Wednesday, July 17, 2013

"Authentic Materials"

In my Japanese class, we've transitioned from going through a textbook to using "authentic materials." I've basically been reading essays, articles, and short stories and watching videos for the past month. Each video carries a theme having to do with humans' relationship with the environment and concerns about maintaining or improving a way of life. The following are the first 3 videos, and the only cartoons, that I've watched. I wanted to tell y'all about them before the program ends and I forget what they're about, so here goes.
サザエさん (Sazae-san)
Episode: 波平もったいない論 (Namihei mottainai ron/ "Namihei's discussion about waste")
'Sazae-san' is the longest-airing anime series, having first aired in 1969. This episode focuses on the concept of "mottainai" (waste/wasteful actions). As the head of the household, Namihei challenges his family to be more mindful and actively reduce their wasteful habits and consumption. A couple amusing shenanigans ensue, and in the end the family agrees that the greatest waste is when people don't get along.
おーい出てこーい (Ooi, detekooi / Hey, come out of there!)
'Ooi' is based on a short story written by Hoshi Shin'ichi, one of Japan's most influential science fiction writers. This short animated piece makes a statement about waste and using space efficiently as well, but does so in a creepy way. After a storm, a shrine is blown over, revealing a large hole. Villagers gather around this hole, with one yelling "Ooi, detekooi" and throwing a rock into it to see how deep it is. Media, police, and scientists gather around to investigate the hole, which appears to be bottomless.
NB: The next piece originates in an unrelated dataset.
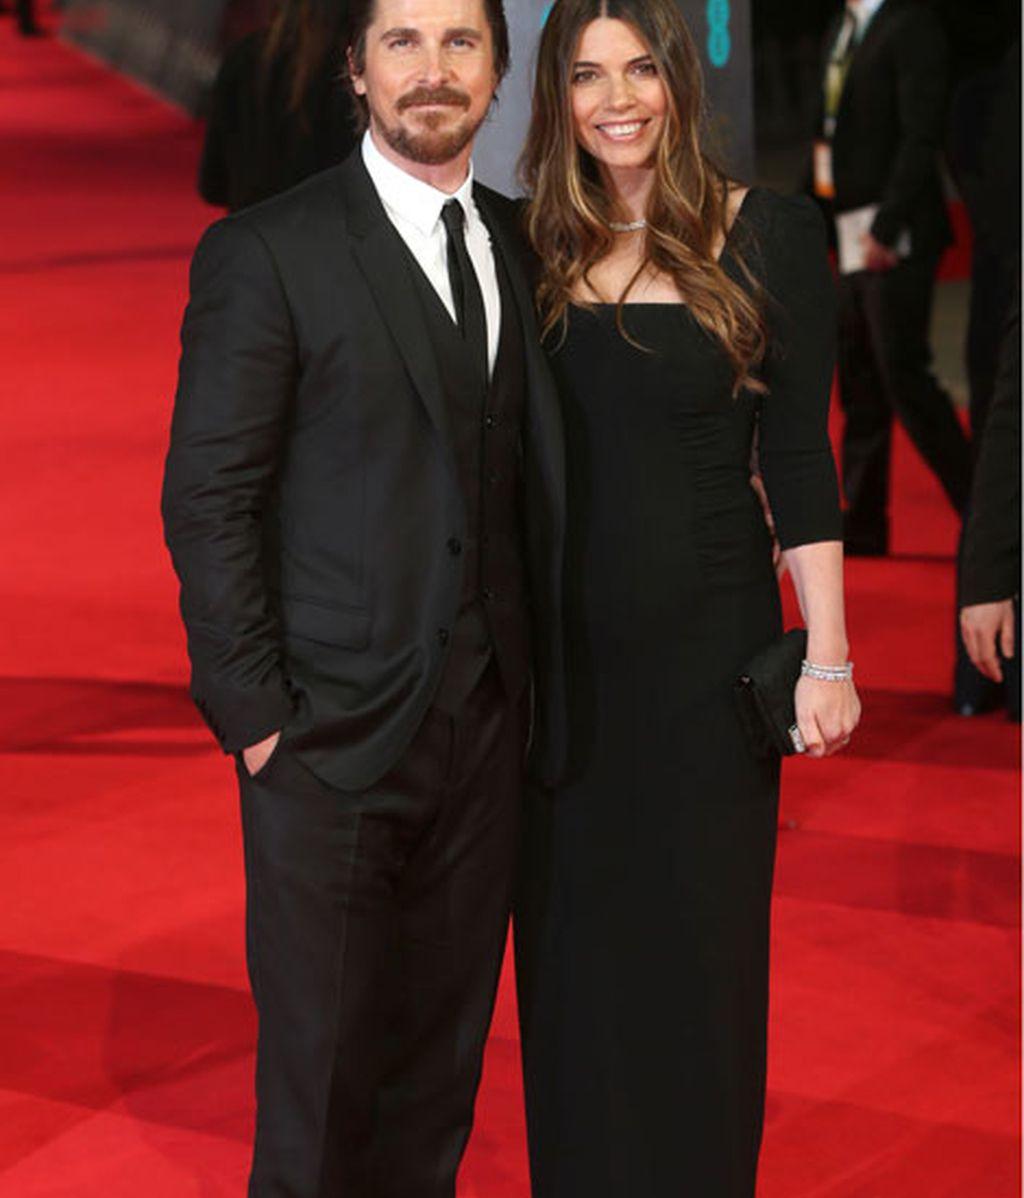 El actor Christian Bale y su esposa Sibi Blazi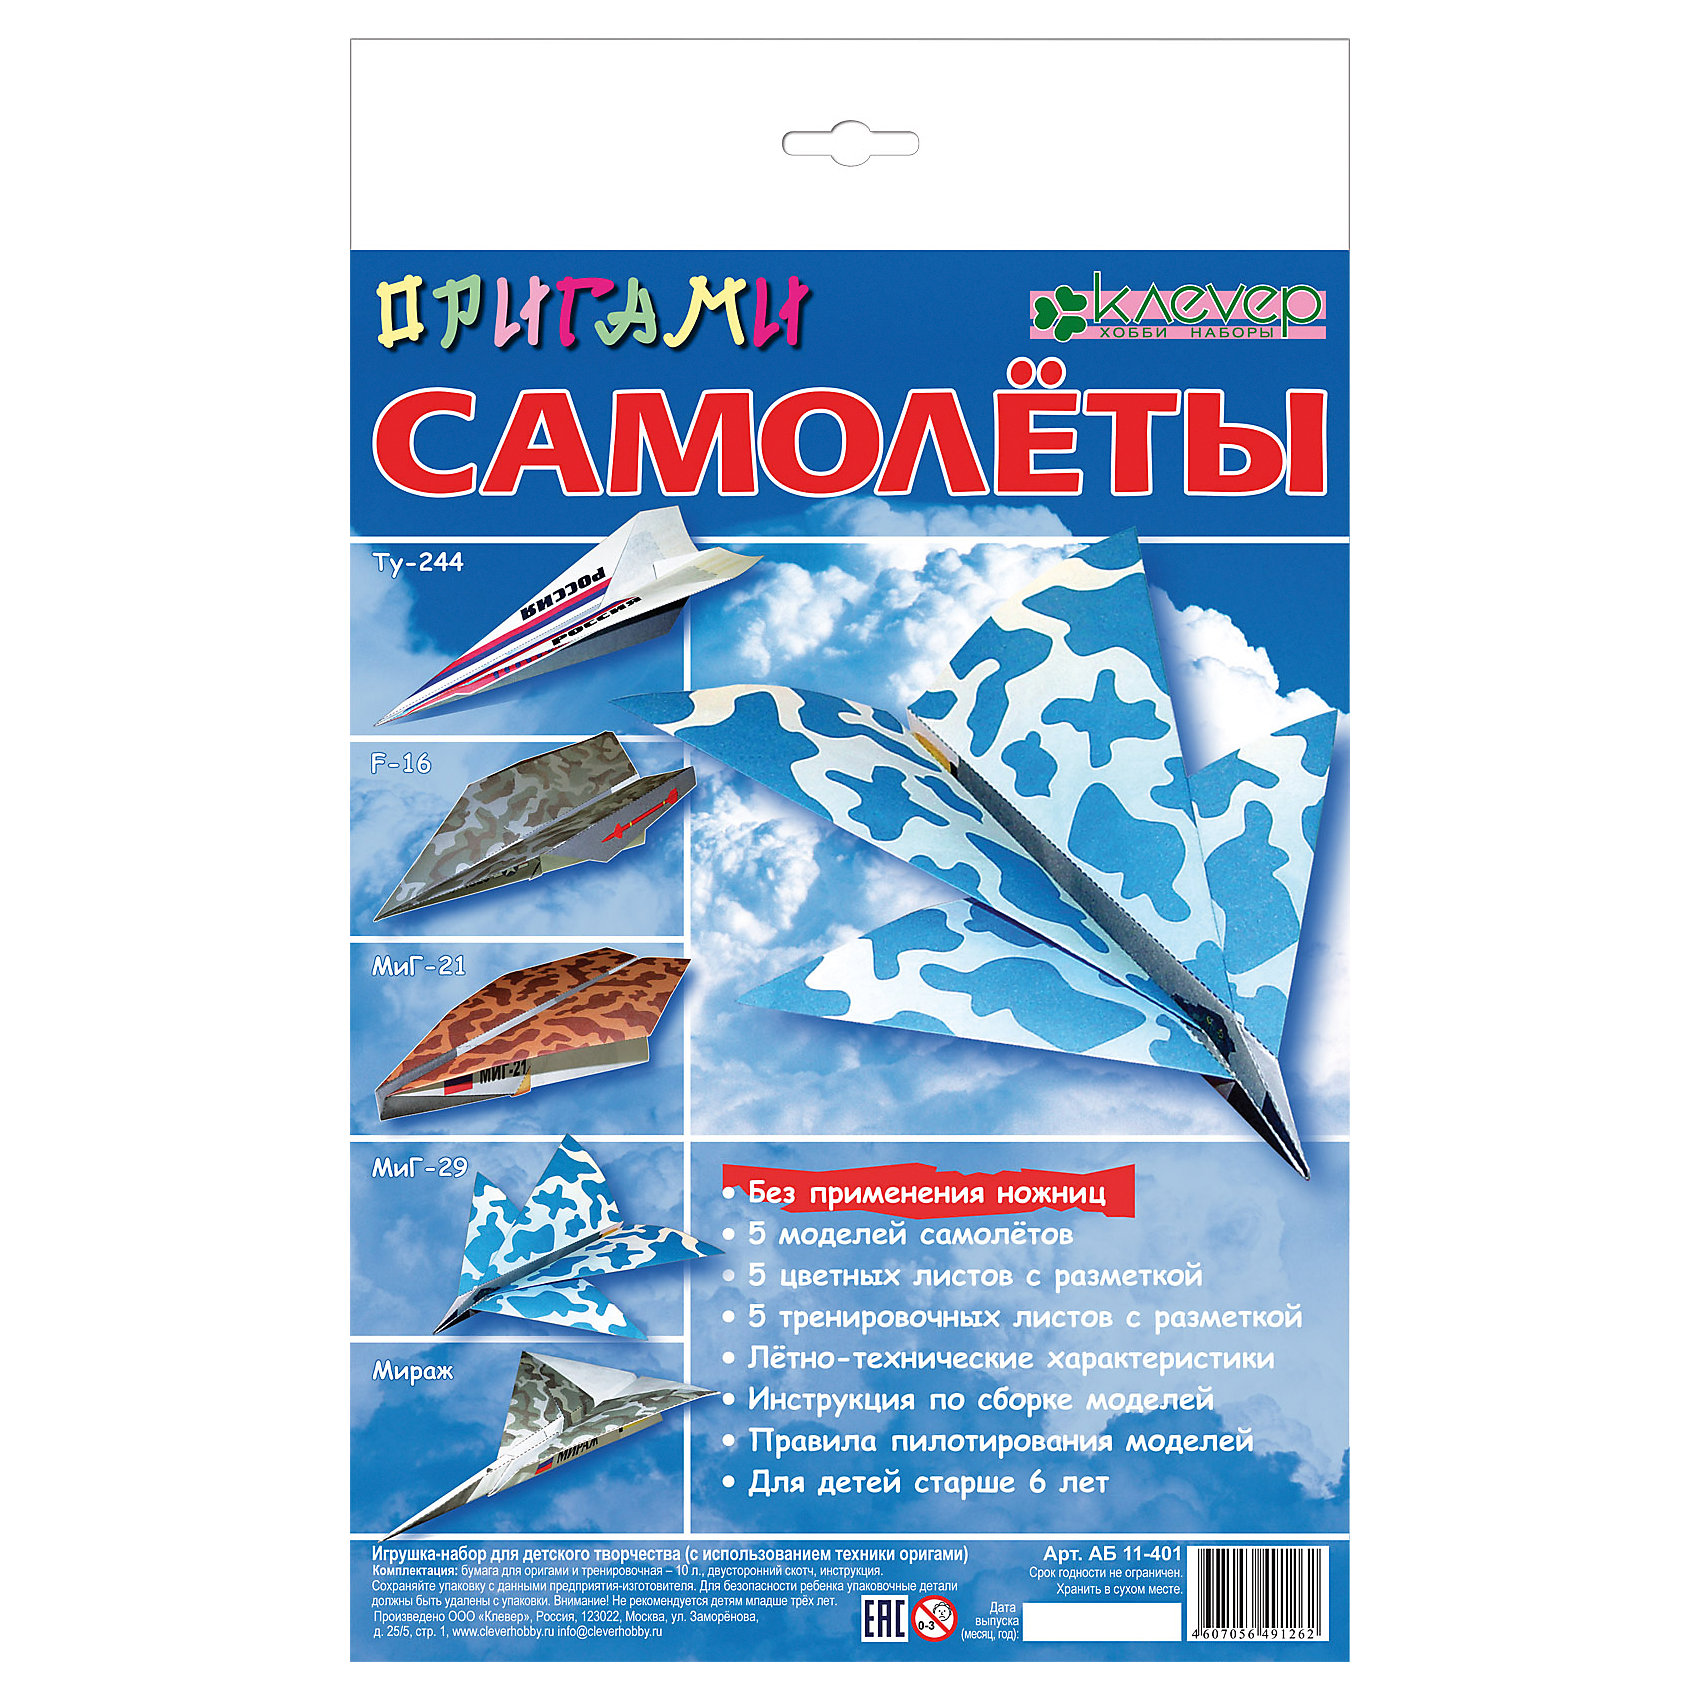 Набор для изготовления фигурок Самолеты. ОригамиРукоделие<br>Характеристики:<br><br>• Коллекция: оригами<br>• Тематика: самолеты<br>• Уровень сложности: средний<br>• Материал: бумага<br>• Комплектация: тренировочные листы, цветные листы, брошюра-инструкция<br>• Размеры (Д*Ш*В): 22*34,3*2 см<br>• Вес: 64 г <br>• Упаковка: картонная коробка<br><br>Набор для изготовления фигурок Самолеты. Оригами состоит из набора цветных и черно-белых листов, презназначенных для освоения приемов складывания фигурок. На каждый лист нанесены пунктирные линии, которые облегчают процесс обучения оригами.<br><br>Набор для изготовления фигурок Самолеты. Оригами можно купить в нашем интернет-магазине.<br><br>Ширина мм: 220<br>Глубина мм: 343<br>Высота мм: 20<br>Вес г: 64<br>Возраст от месяцев: 96<br>Возраст до месяцев: 144<br>Пол: Мужской<br>Возраст: Детский<br>SKU: 5541597

At this discovery, a sleazy racketeer buys the rights to the hole and accepts money from individuals, groups, organizations, businesses and even government agencies to allow them to dump their trash into this whole. Garbage, human waste, nuclear waste, money, weapons, you name it. The village makes tons of money off of this operation and transforms into a bustling metropolis.
One day, the sound of "Ooi, detekooi" falls out of the sky, followed by a rock...
The lesson is that what we do will come back to us, and the effects of our actions on the environment last longer than we think.

生活維持省 (seikatsuijishou / lit. Department for the Preservation of Livelihood)
'Seikatsu' is also based on a short story written by Hoshi Shin'ichi. Unlike the previous two videos, this one focuses on overpopulation and population control.

In the future, two men working for the Department for the Preservation of Livelihood ride around in their hovercraft. They arrive at a woman's house and explain to her the consequences of overpopulation that arose in the past: overcrowding, shortage of resources, fight for survival, and eventually war on a global scale. In order to keep the population at a sustainable level, a system was created in which a computer randomly selects people to die. The woman's daughter has been selected. The two agents find the little girl, shoot her, then hit the road.

At the end of the short, one of the agents reveals that he's been chosen to die next.

Like 'Ooi', this story also pushes the idea that what you do comes back to you. In addition to that, 'Seikatsu' demonstrates that in order to create or maintain a certain lifestyle sacrifices have to be made, but sacrificing things or people cannot be taken lightly.

Sorry, I know that these stories got progressively dark and heavy, but I found them all to be thought-provoking and clever and wanted to tell y'all about them. These videos are pretty difficult to find on the internet, but if you have the chance to watch them please do. They'll give you a lot to think about!